All 3 measures of adiposity were more strongly correlated with BMIZ than with WFLZ at 1 month and 4 months (p≤0.001 for each comparison). At 7 months, adiposity correlated similarly with BMIZ and WFLZ (p>0.2 for each comparison; Table 2).

Stratification by sex, race/ethnicity, infant feeding type (predominantly breastfed or exclusively formula fed), or maternal feeding intention did not alter correlations of anthropometric with adiposity measures (data available upon request). However, stratification reduced the power of these analyses.

Changes in BMIZ were moderately correlated with changes in adiposity from 1–4 months (rs=0.44 with BF%; rs=0.53 with fat mass; rs=0.62 with FMI). In contrast, from 4–7 months, changes in BMIZ were only weakly correlated with changes in body fat percentage (rs=0.21) and fat mass (rs=0.27), and moderately correlated with fat mass index (rs=0.49) (Table 3).

Table 3.

Correlations between concurrent changes in anthropometrics and changes in body composition for 323 full term infants aged 1–7 months.*

ΔBMIZ ΔWFLZ ΔBF% Δfat mass ΔFMI Δlean mass ΔLMI
ΔBMI
 1–4 mo 0.96 0.85 0.50 0.62 0.71 0.14 0.21
 4–7 mo 0.99 0.96 0.22 0.28 0.53 0.12 0.23
ΔBMIZ
 1–4 mo - 0.88 0.44 0.53 0.62 0.06NS 0.19
 4–7 mo - 0.97 0.21 0.27 0.49 0.14 0.39
ΔWFLZ
 1–4 mo - 0.36 0.48 0.53 −0.01NS 0.23
 4–7 mo - 0.19 0.25 0.47 0.15 0.40
ΔBF%
 1–4 mo - 0.90 0.94 −0.33 −0.56
 4–7 mo - 0.92 0.90 −0.66 −0.68
Δfat mass
 1–4 mo - 0.95 −0.22 −0.45
 4–7 mo - 0.91 −0.44 −0.53
ΔFMI
 1–4 mo - −0.20 −0.36
 4–7 mo - −0.46 −0.36
Δlean mass
 1–4 mo - 0.63
 4–7 mo - 0.80
*

Values shown are Spearman correlation coefficients. N=323 from 1–4 months; N=275 from 4–7 months.

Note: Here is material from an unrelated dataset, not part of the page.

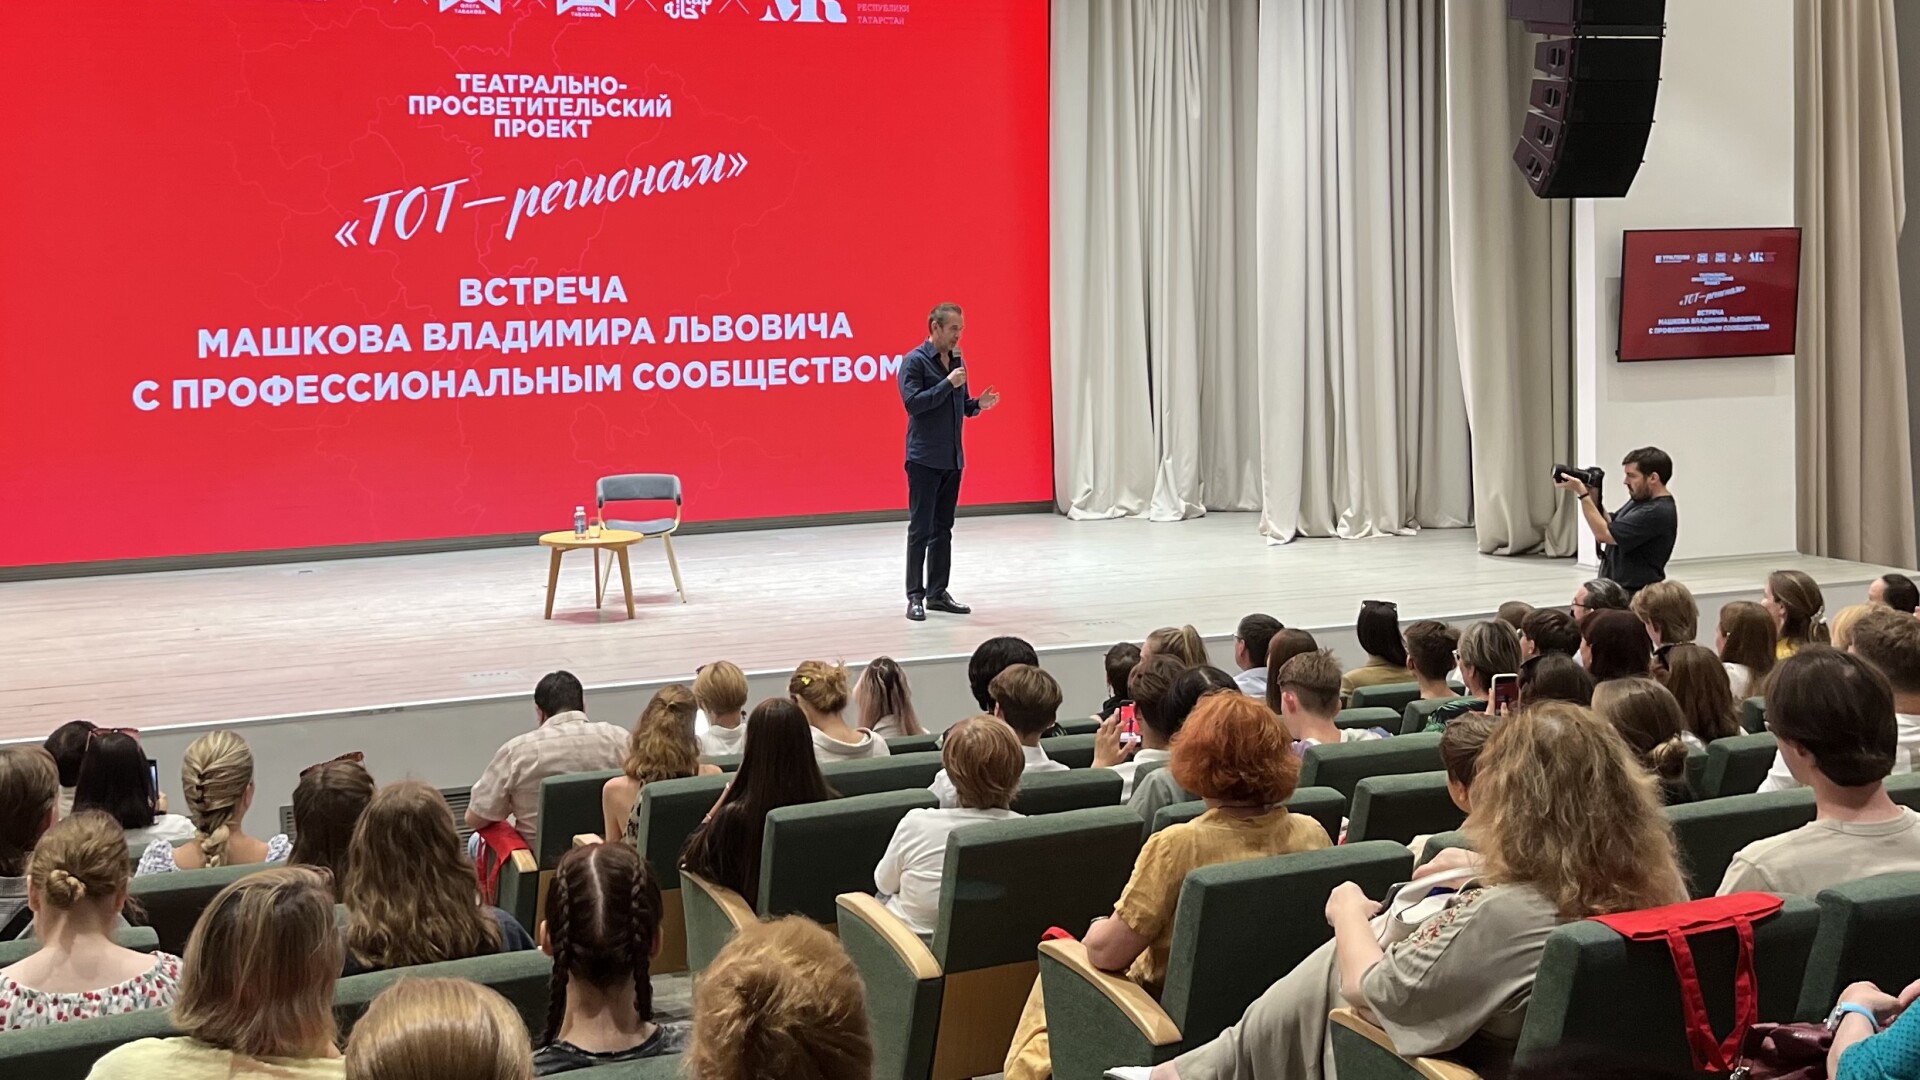 «Профессия с нулевой гарантией»: актер Владимир Машков провел встречу в Казани

BF%, body fat percentage; BMIZ, BMI z-score; FMI, fat mass index; LMI, lean mass index; WFLZ, weight-for-length z-score; Δ, change.

NS

Denotes correlation is not statistically significant (p>0.05). All other correlations are significant with p<0.05.

Changes in BMI and BMIZ between 1–4 months were more strongly correlated with changes in BF%, fat mass, and FMI than they were with lean mass or lean mass index (p<0.001 for all comparisons). However, from 4–7 months, changes in BMI or BMIZ correlated equally well with changes in adiposity as with changes in lean mass or LMI (p=0.10–0.19 for each comparison), except that changes in FMI were significantly more strongly correlated than for LMI (rs=0.53 vs 0.23; p=0.004).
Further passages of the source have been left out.